(Source data)

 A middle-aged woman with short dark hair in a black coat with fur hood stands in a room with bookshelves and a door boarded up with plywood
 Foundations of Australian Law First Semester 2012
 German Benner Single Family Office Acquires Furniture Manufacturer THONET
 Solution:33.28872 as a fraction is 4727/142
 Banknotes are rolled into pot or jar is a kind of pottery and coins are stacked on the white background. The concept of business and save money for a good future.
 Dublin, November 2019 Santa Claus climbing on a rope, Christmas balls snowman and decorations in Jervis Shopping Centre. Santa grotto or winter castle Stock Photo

→ Task statement: Word for word, retype each record.

→ Your solution:
 A middle-aged woman with short dark hair in a black coat with fur hood stands in a room with bookshelves and a door boarded up with plywood
 Foundations of Australian Law First Semester 2012
 German Benner Single Family Office Acquires Furniture Manufacturer THONET
 Solution:33.28872 as a fraction is 4727/142
 Banknotes are rolled into pot or jar is a kind of pottery and coins are stacked on the white background. The concept of business and save money for a good future.
 Dublin, November 2019 Santa Claus climbing on a rope, Christmas balls snowman and decorations in Jervis Shopping Centre. Santa grotto or winter castle Stock Photo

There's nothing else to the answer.